The menu changes frequently, and includes salads and soups (borscht is one). Volfson also plans to invite guest chefs who will serve their own set menus on weekends. Volfson’s favourite? The savoury donuts. “Nobody else does this in the world,” he claims. Right now, there’s one with pork belly and hoisin sauce, a nod to Momofuku’s pork buns, and one with beets, goat cheese, and walnuts. There’s also a donut topped with smoked salmon that Volfson cures himself, a technique that he learned from his grandparents. They partly inspired the café.

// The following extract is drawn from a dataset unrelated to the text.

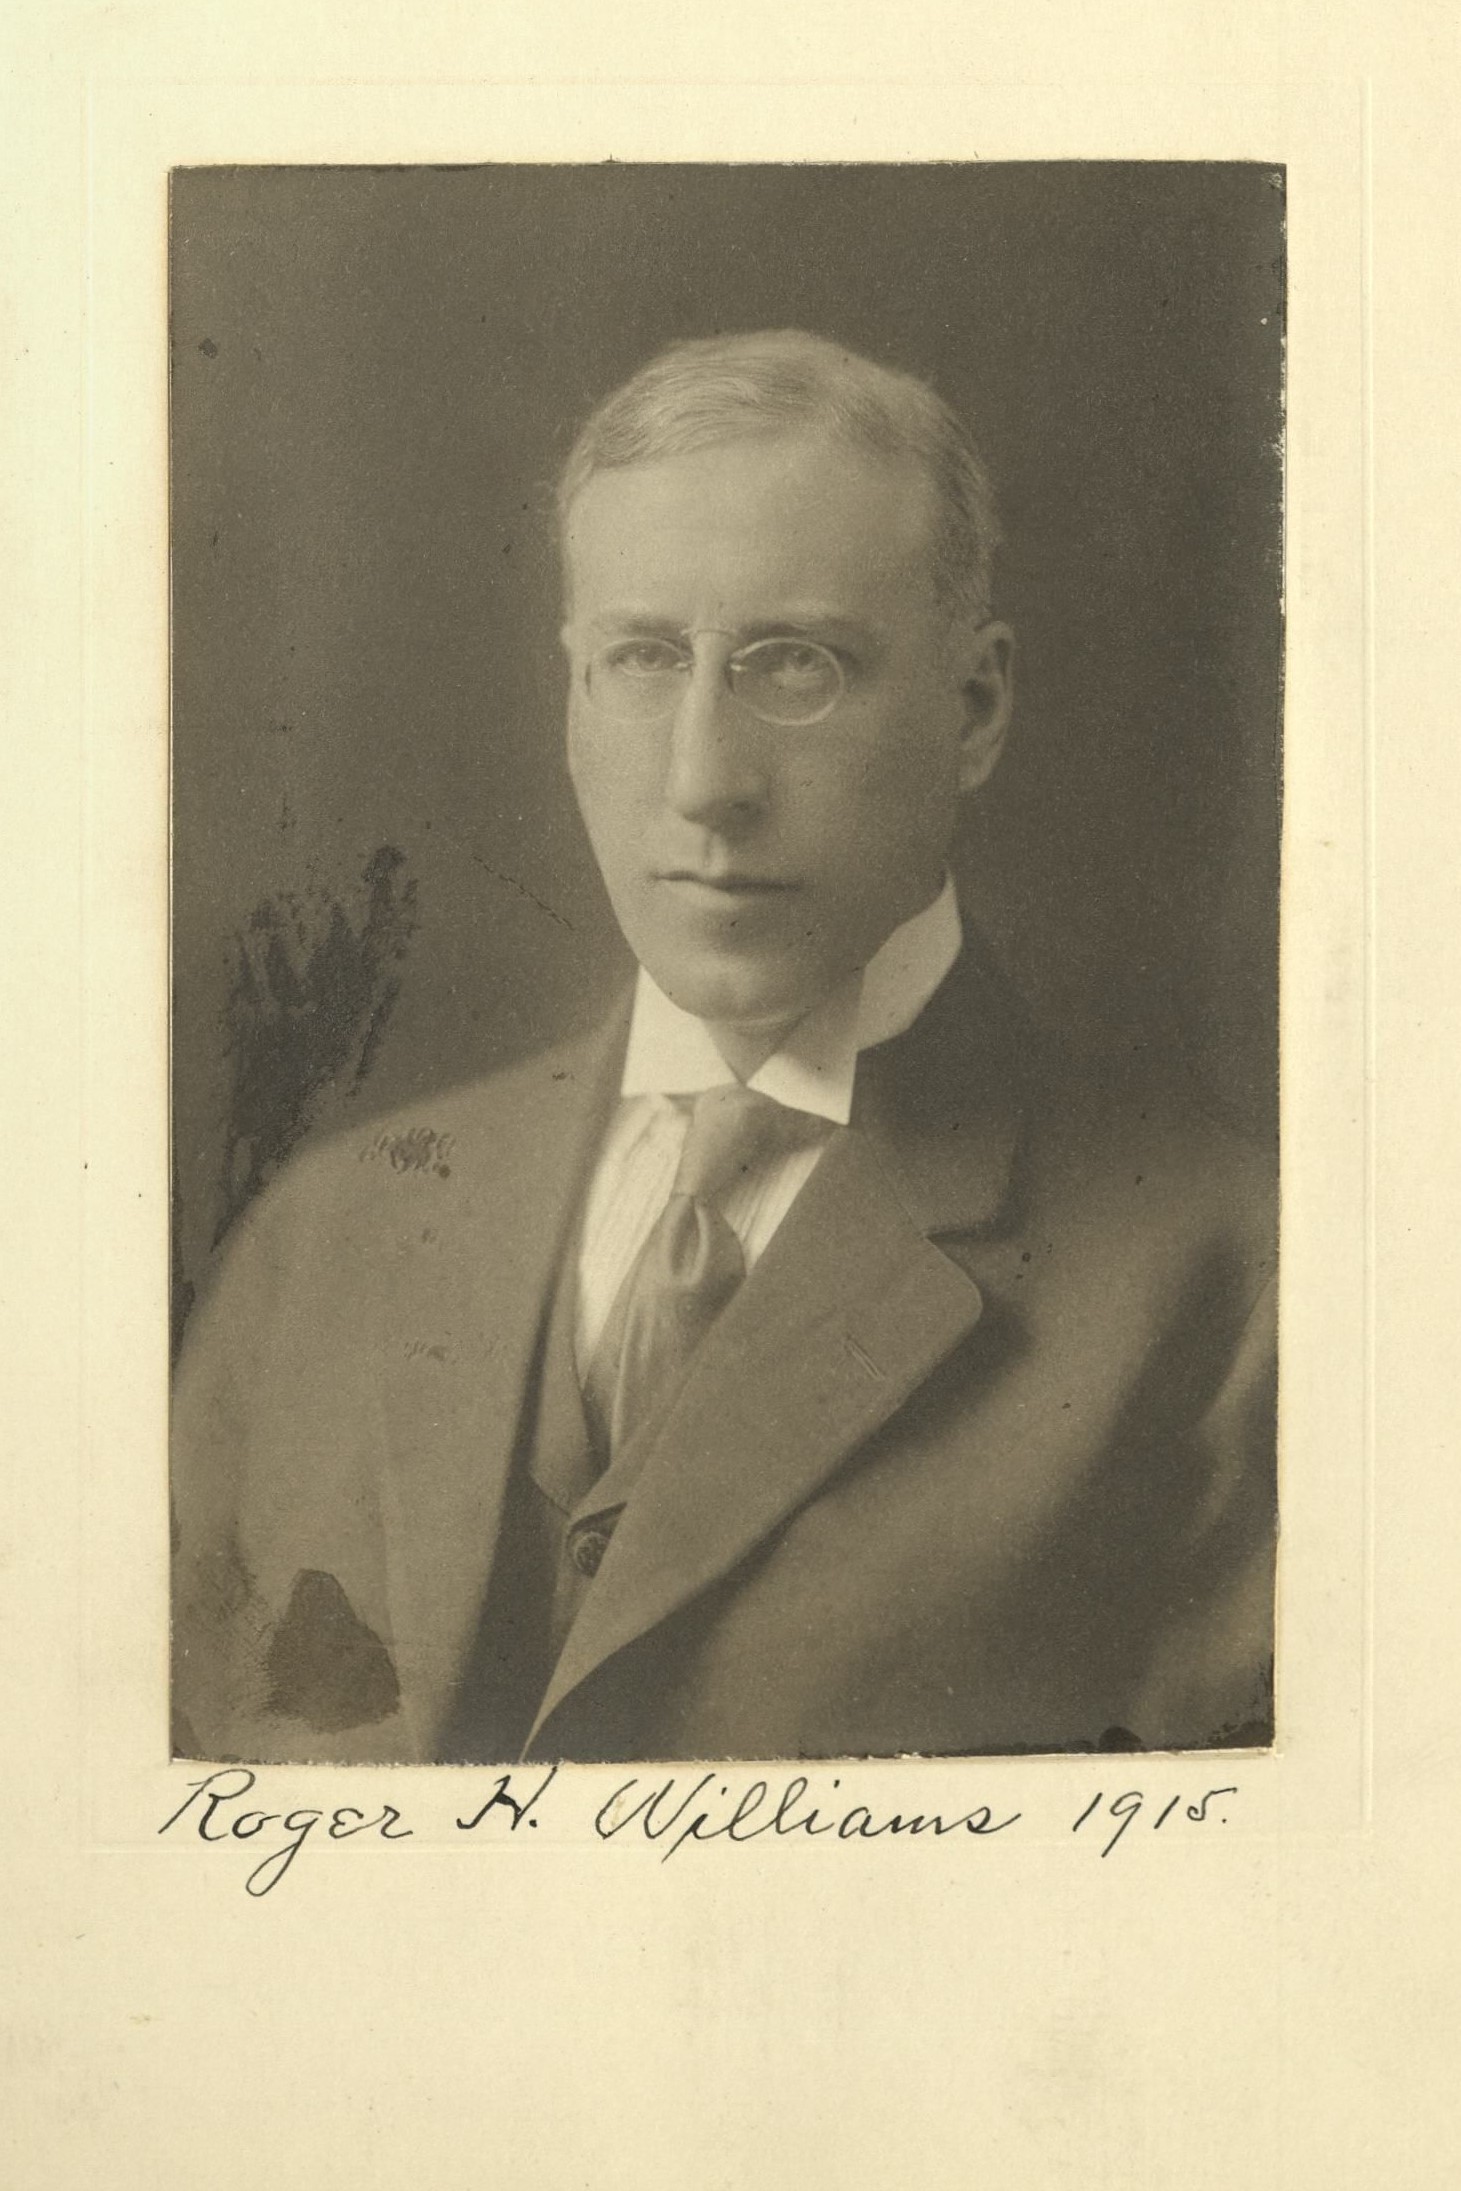 Member portrait of Roger H. Williams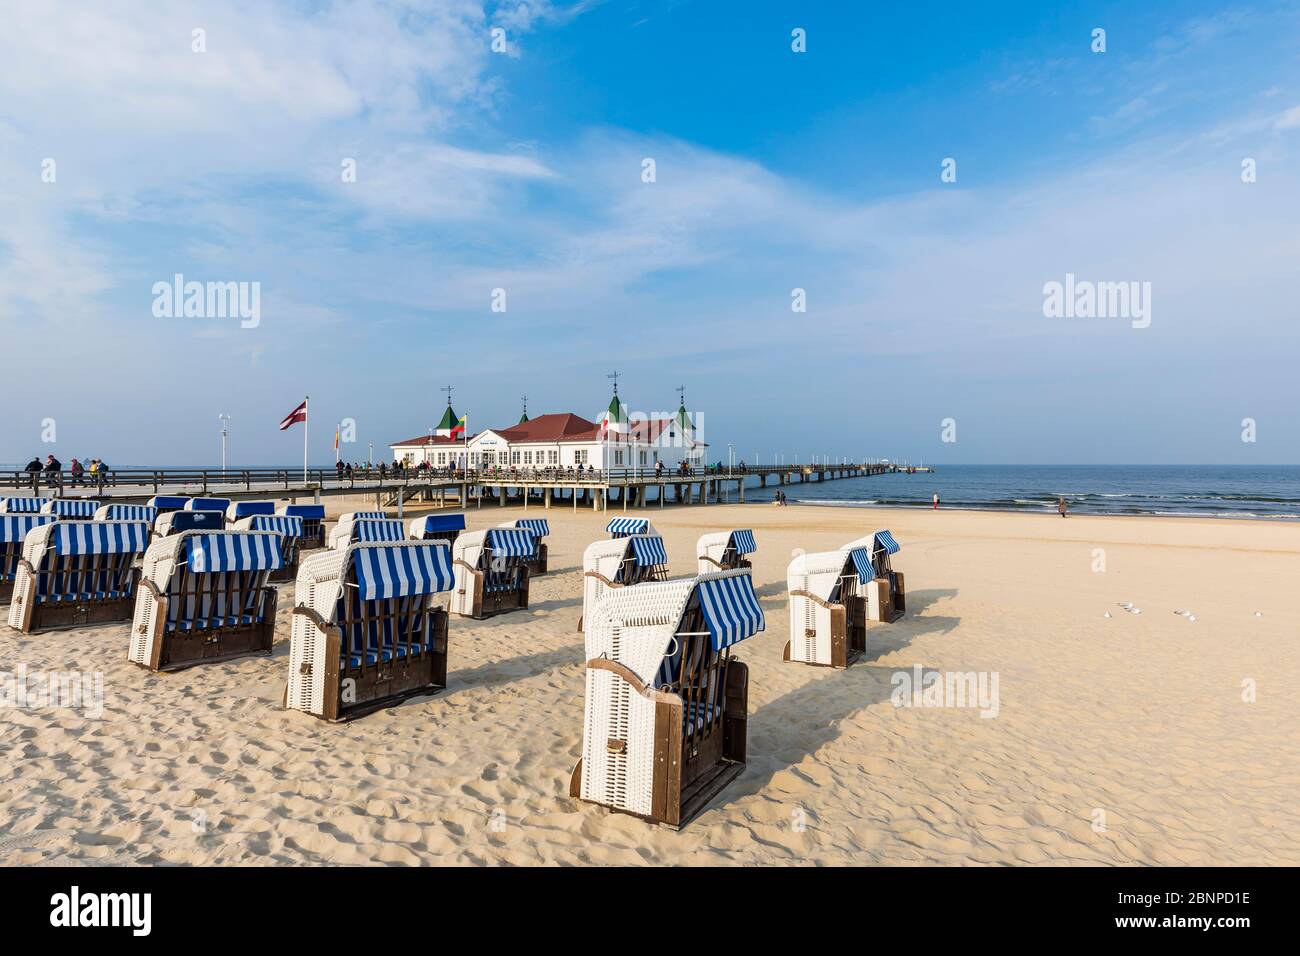 Germany, Mecklenburg-West Pomerania, Baltic Sea, Baltic Sea coast, Usedom Island, Ahlbeck, seaside resort, pier, beach, beach chairs Stock Photo

“It’s a little bit of a sad story. My grandparents were bread engineers. They were essentially responsible for the mass production of bread in Russia. They worked all their lives. Then my grandpa got into a little trouble. He wasn’t allowed to leave the country for 10 years. They finally left in 2000 for Israel, with almost nothing. My grandpa works washing floors and my grandma looks after kids. They’re in their seventies, where they should be enjoying their retirement. They were supposed to come here—part of this idea was actually to spend some time with my grandparents.”

 

Chez Boris
5151 Du Parc 
Grand opening: Saturday, July 28 from 9 a.m. to 9 p.m.